Description of the task: Only one stretch of the data should be retyped: the lines from the line containing "Eurostile Regular Condensed Italic image" through the line containing "Monofilament Fishing Line". Keep pictures out of it.

Supplied material:
====

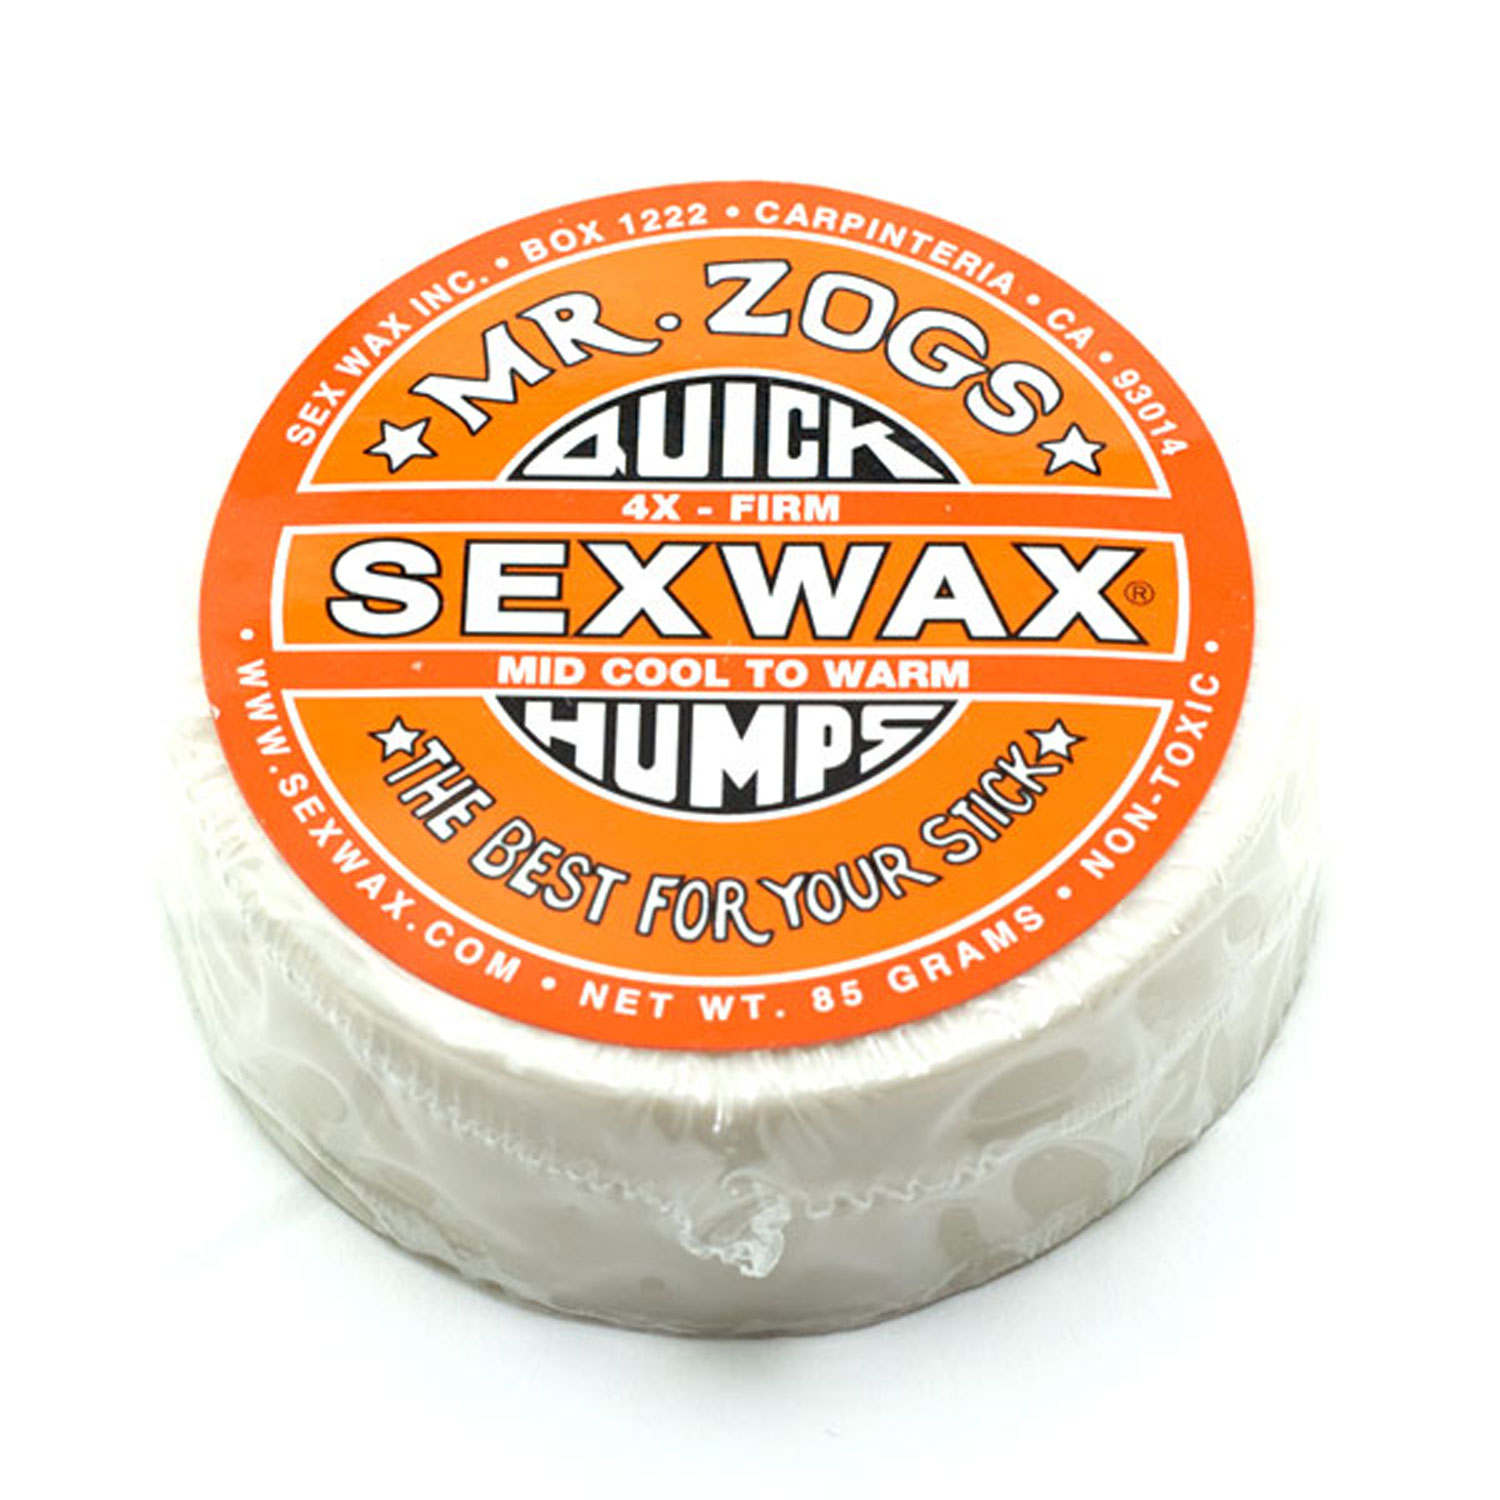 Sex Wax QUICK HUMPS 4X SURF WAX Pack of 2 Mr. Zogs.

====

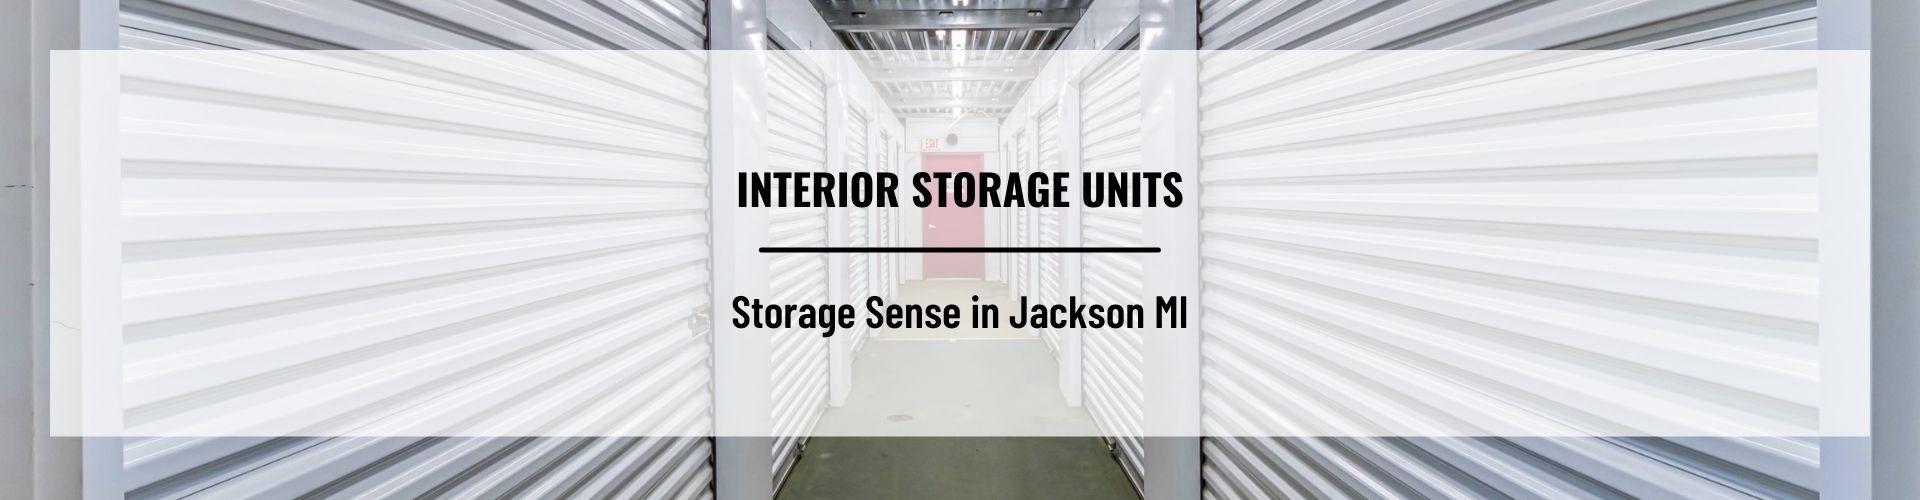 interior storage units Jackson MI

====

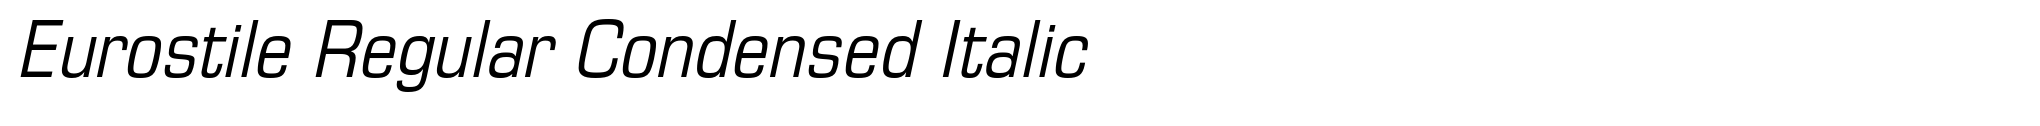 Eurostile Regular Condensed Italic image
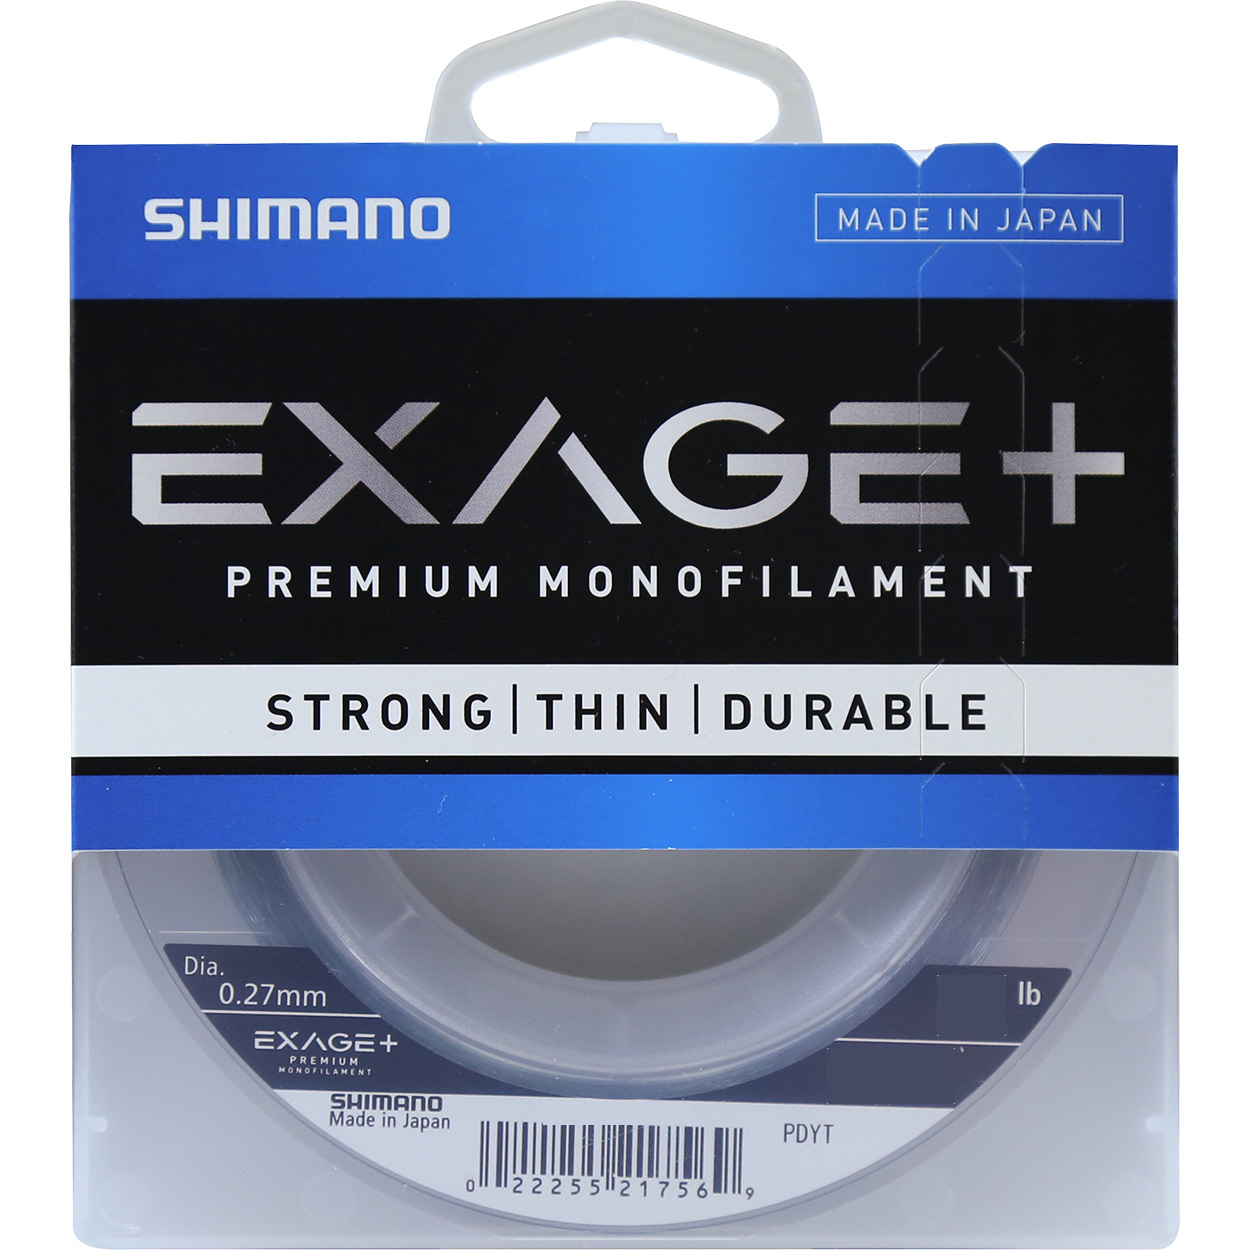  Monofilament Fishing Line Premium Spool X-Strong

====

Answer space:
 Eurostile Regular Condensed Italic image
  Monofilament Fishing Line Premium Spool X-Strong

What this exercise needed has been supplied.